━━ Supplied records

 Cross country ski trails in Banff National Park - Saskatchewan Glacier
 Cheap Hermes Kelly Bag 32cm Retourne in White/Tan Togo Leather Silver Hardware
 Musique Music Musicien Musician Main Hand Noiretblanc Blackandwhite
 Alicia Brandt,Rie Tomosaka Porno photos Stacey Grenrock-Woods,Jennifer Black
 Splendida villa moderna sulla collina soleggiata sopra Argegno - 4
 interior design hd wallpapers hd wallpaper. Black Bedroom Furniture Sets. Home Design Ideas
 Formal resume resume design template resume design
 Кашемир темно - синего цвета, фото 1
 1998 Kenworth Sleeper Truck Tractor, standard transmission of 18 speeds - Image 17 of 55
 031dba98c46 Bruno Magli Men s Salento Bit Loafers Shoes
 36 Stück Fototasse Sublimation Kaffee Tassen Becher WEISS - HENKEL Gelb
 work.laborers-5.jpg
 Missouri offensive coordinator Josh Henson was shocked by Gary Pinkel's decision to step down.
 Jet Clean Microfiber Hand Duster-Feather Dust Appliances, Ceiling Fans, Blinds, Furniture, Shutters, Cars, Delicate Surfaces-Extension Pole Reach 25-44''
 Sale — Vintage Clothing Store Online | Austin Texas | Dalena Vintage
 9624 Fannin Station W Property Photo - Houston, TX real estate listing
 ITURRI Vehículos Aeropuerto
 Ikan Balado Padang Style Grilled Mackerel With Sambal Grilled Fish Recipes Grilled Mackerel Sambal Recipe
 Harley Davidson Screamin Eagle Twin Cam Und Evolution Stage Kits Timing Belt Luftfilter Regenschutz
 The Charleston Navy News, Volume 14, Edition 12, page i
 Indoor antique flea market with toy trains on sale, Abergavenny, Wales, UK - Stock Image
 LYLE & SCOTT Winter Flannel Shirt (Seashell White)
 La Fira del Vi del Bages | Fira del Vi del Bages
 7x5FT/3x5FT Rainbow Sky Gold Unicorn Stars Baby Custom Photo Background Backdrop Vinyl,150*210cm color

━━━━

> What is needed:
Nothing but the exact lines of the data above, from the line containing "Кашемир темно - синего цвета, фото 1" through the last, should appear in the answer.

> Task response:
 Кашемир темно - синего цвета, фото 1
 1998 Kenworth Sleeper Truck Tractor, standard transmission of 18 speeds - Image 17 of 55
 031dba98c46 Bruno Magli Men s Salento Bit Loafers Shoes
 36 Stück Fototasse Sublimation Kaffee Tassen Becher WEISS - HENKEL Gelb
 work.laborers-5.jpg
 Missouri offensive coordinator Josh Henson was shocked by Gary Pinkel's decision to step down.
 Jet Clean Microfiber Hand Duster-Feather Dust Appliances, Ceiling Fans, Blinds, Furniture, Shutters, Cars, Delicate Surfaces-Extension Pole Reach 25-44''
 Sale — Vintage Clothing Store Online | Austin Texas | Dalena Vintage
 9624 Fannin Station W Property Photo - Houston, TX real estate listing
 ITURRI Vehículos Aeropuerto
 Ikan Balado Padang Style Grilled Mackerel With Sambal Grilled Fish Recipes Grilled Mackerel Sambal Recipe
 Harley Davidson Screamin Eagle Twin Cam Und Evolution Stage Kits Timing Belt Luftfilter Regenschutz
 The Charleston Navy News, Volume 14, Edition 12, page i
 Indoor antique flea market with toy trains on sale, Abergavenny, Wales, UK - Stock Image
 LYLE & SCOTT Winter Flannel Shirt (Seashell White)
 La Fira del Vi del Bages | Fira del Vi del Bages
 7x5FT/3x5FT Rainbow Sky Gold Unicorn Stars Baby Custom Photo Background Backdrop Vinyl,150*210cm color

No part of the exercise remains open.